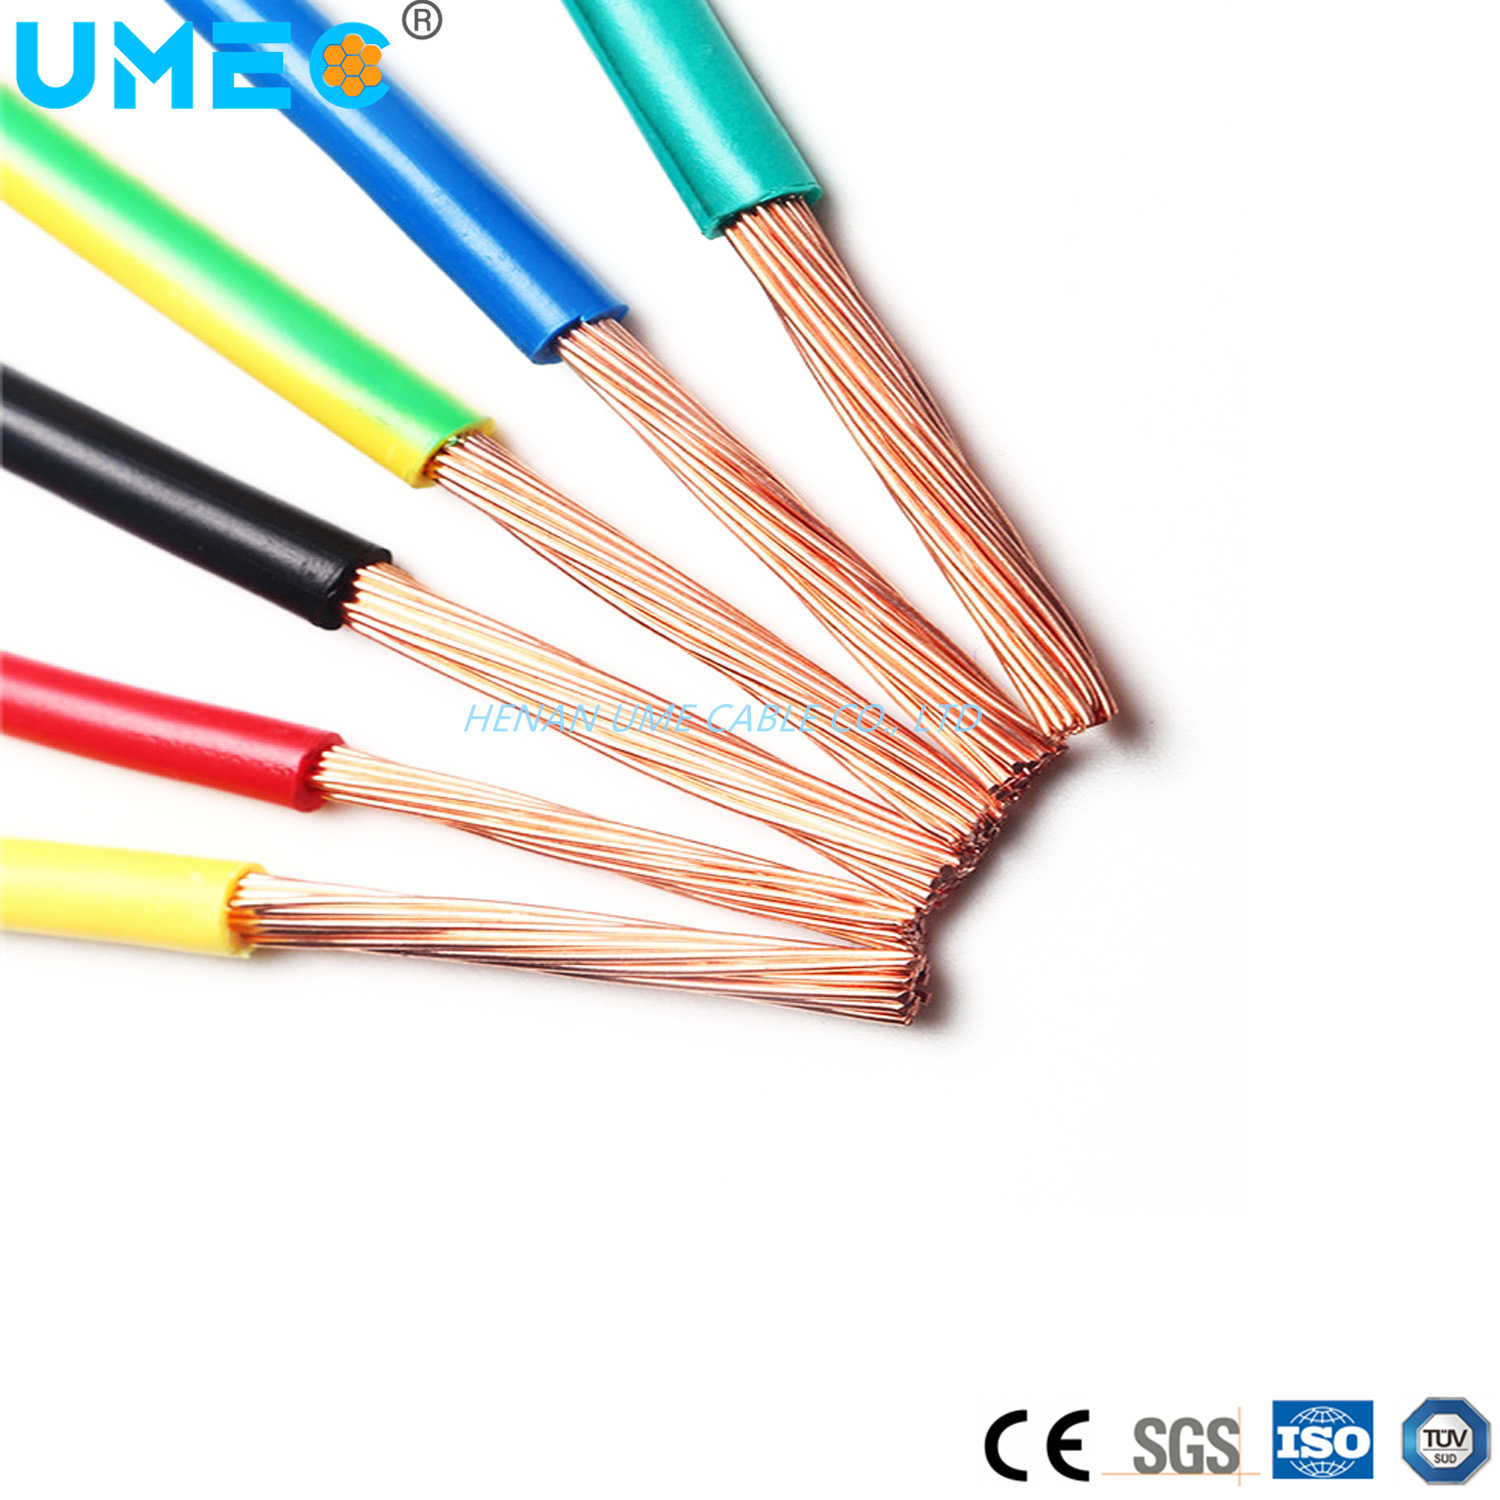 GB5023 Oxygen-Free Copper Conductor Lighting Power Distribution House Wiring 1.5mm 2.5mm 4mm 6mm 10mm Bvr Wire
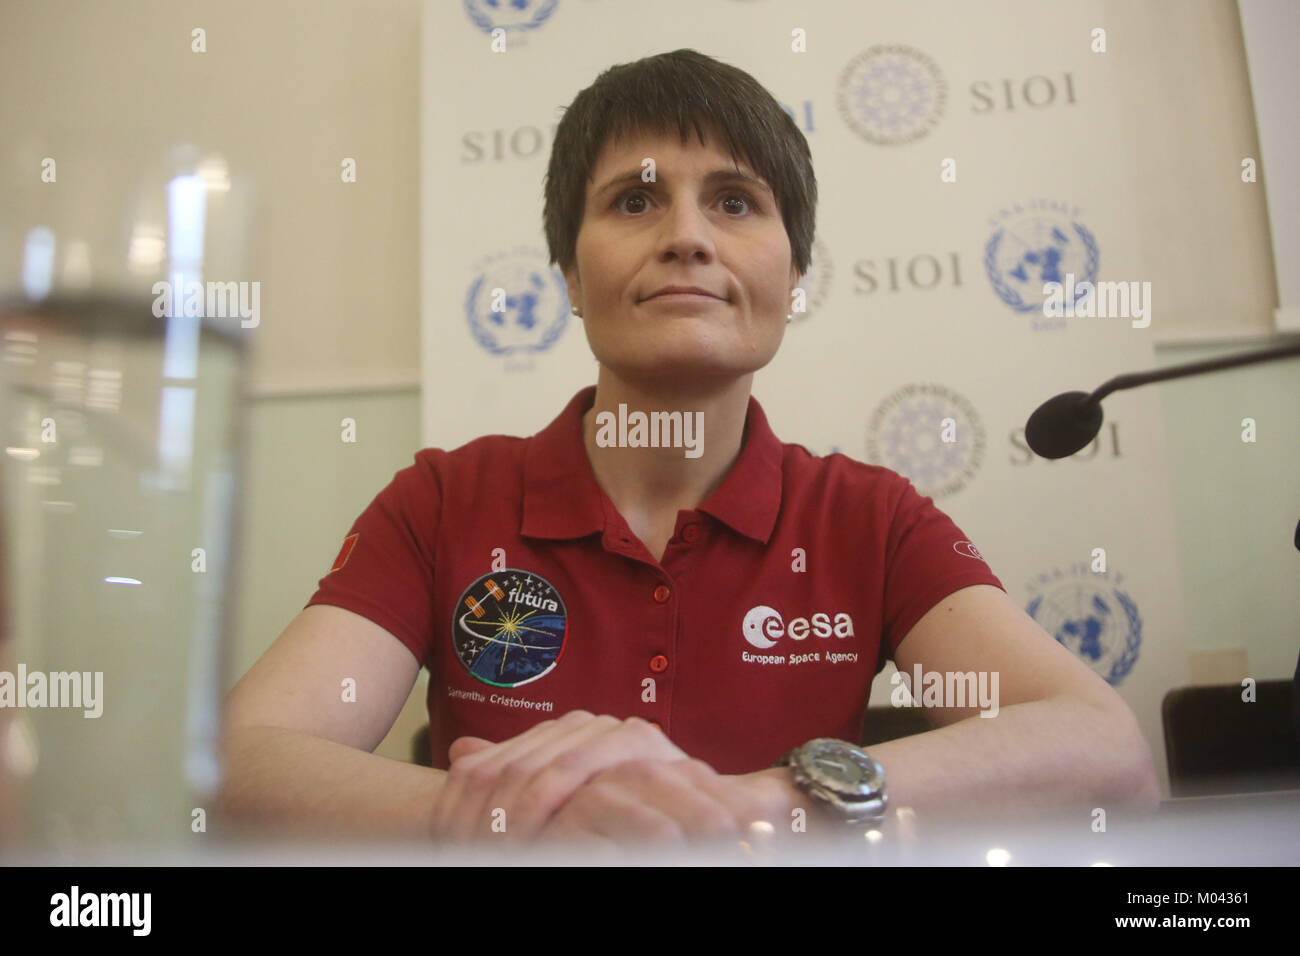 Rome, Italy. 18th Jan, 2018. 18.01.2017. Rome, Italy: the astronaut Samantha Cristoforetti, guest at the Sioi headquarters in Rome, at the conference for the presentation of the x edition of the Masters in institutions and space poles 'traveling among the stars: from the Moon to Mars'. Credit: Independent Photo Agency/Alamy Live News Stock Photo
==*==
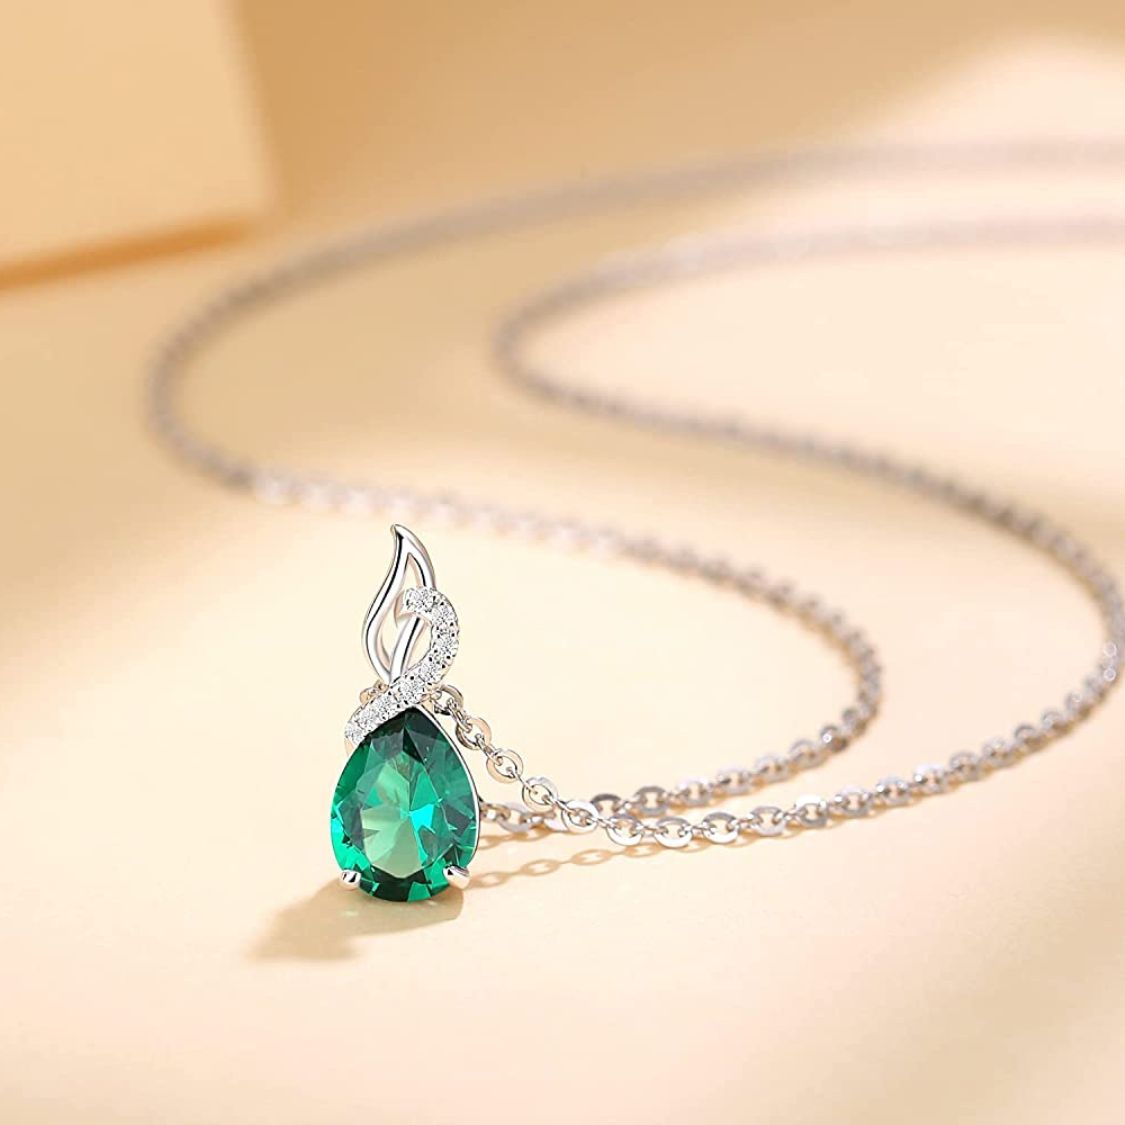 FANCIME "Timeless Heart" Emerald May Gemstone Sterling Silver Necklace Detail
==*==
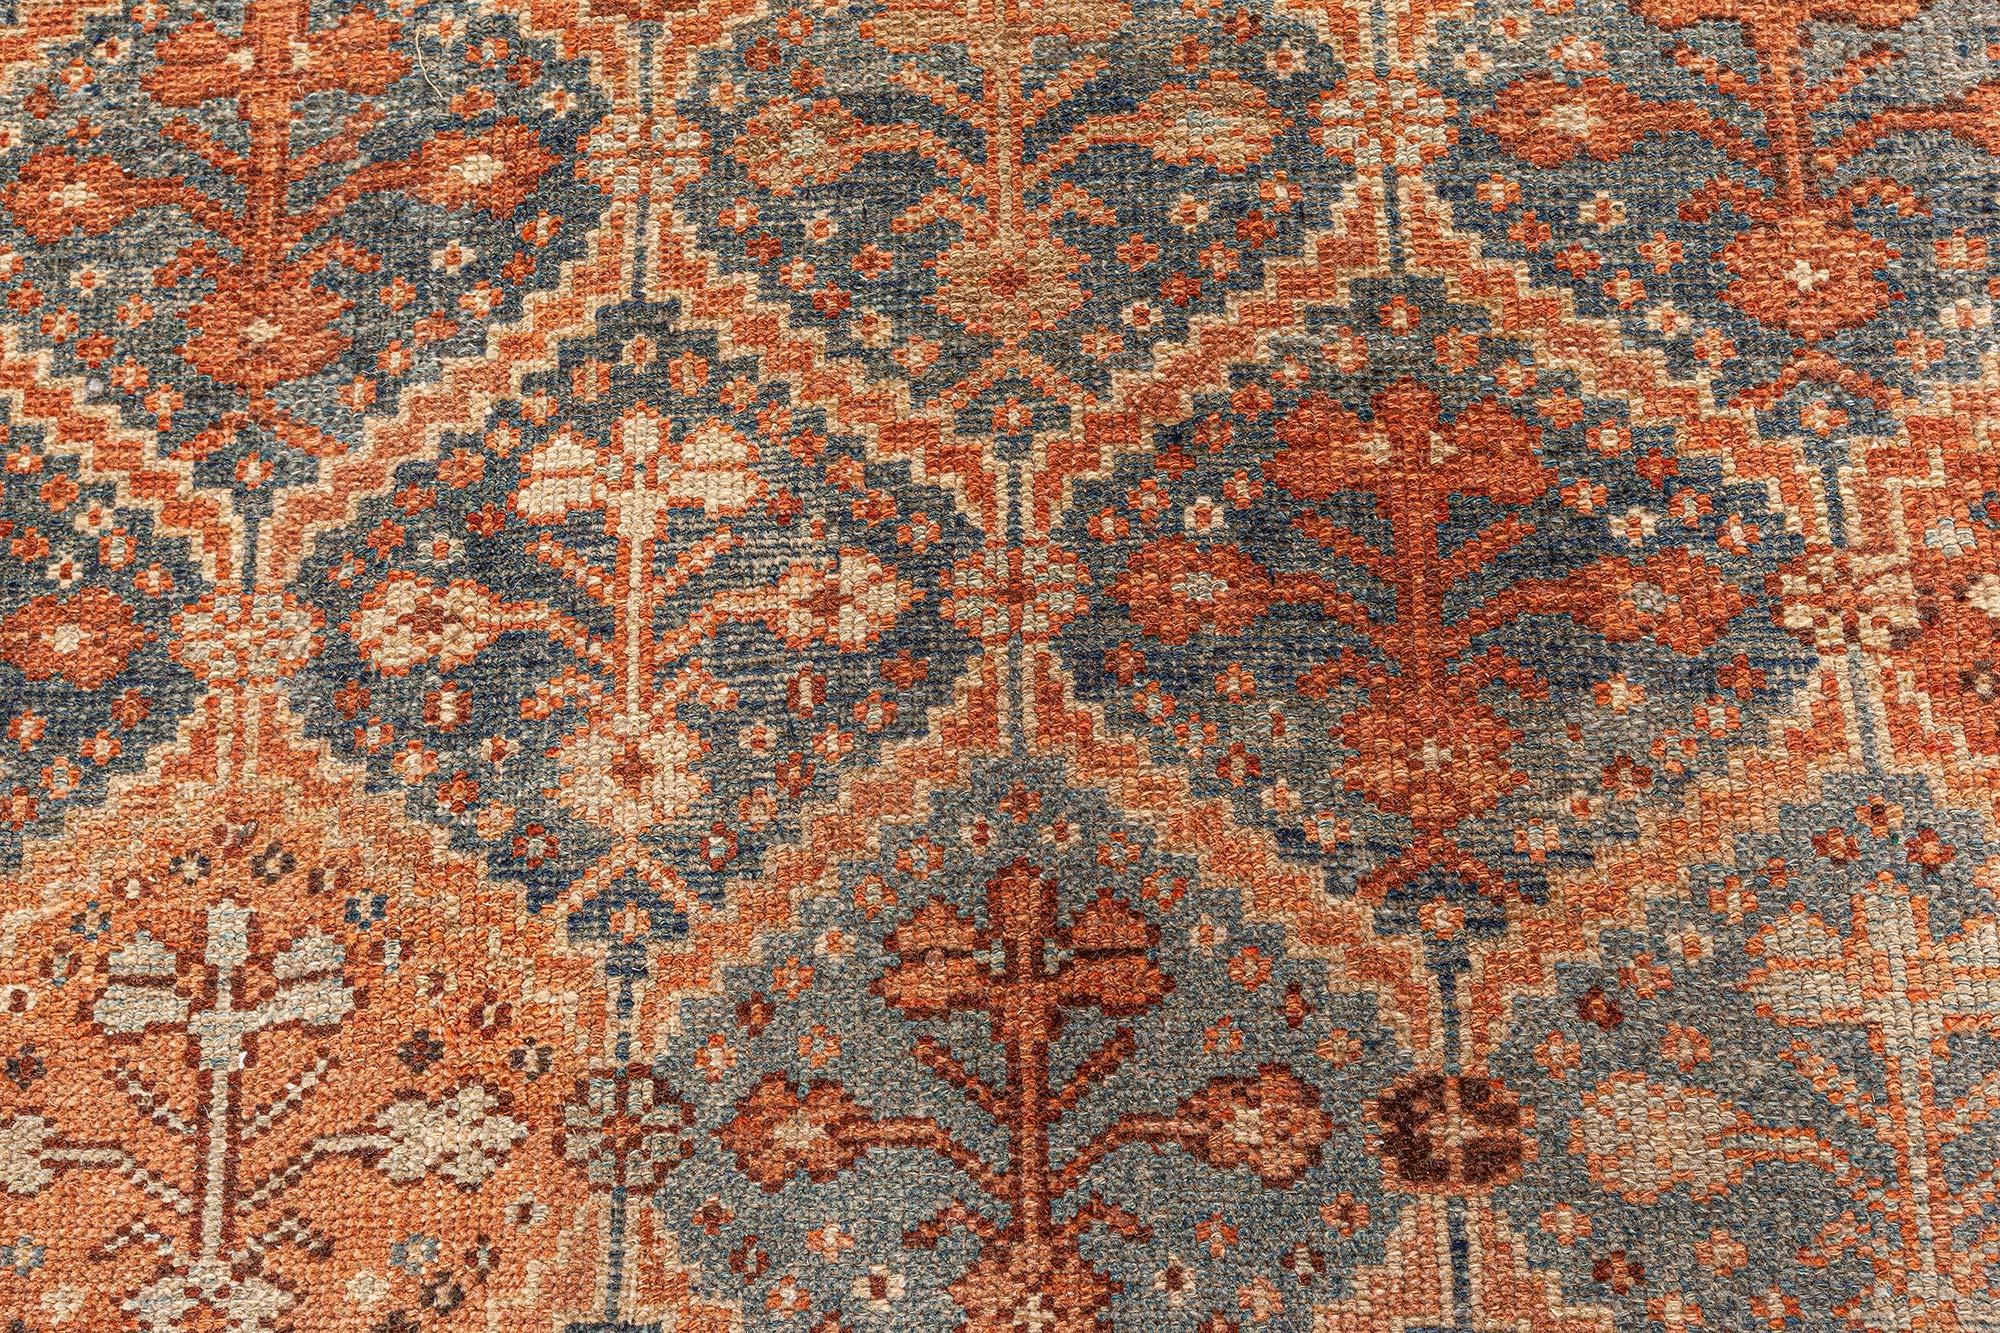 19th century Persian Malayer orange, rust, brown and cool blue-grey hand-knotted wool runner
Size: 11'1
==*==
*Activity*
All lines above starting at the one with "GB5023 Oxygen-Free Copper" and ending at the one with "Rome, Italy. 18th", inclusive, are to be printed again exactly, with the pictures left out.

*Answer to this problem*
 GB5023 Oxygen-Free Copper Conductor Lighting Power Distribution House Wiring 1.5mm 2.5mm 4mm 6mm 10mm Bvr Wire
 Rome, Italy. 18th Jan, 2018. 18.01.2017. Rome, Italy: the astronaut Samantha Cristoforetti, guest at the Sioi headquarters in Rome, at the conference for the presentation of the x edition of the Masters in institutions and space poles 'traveling among the stars: from the Moon to Mars'. Credit: Independent Photo Agency/Alamy Live News Stock Photo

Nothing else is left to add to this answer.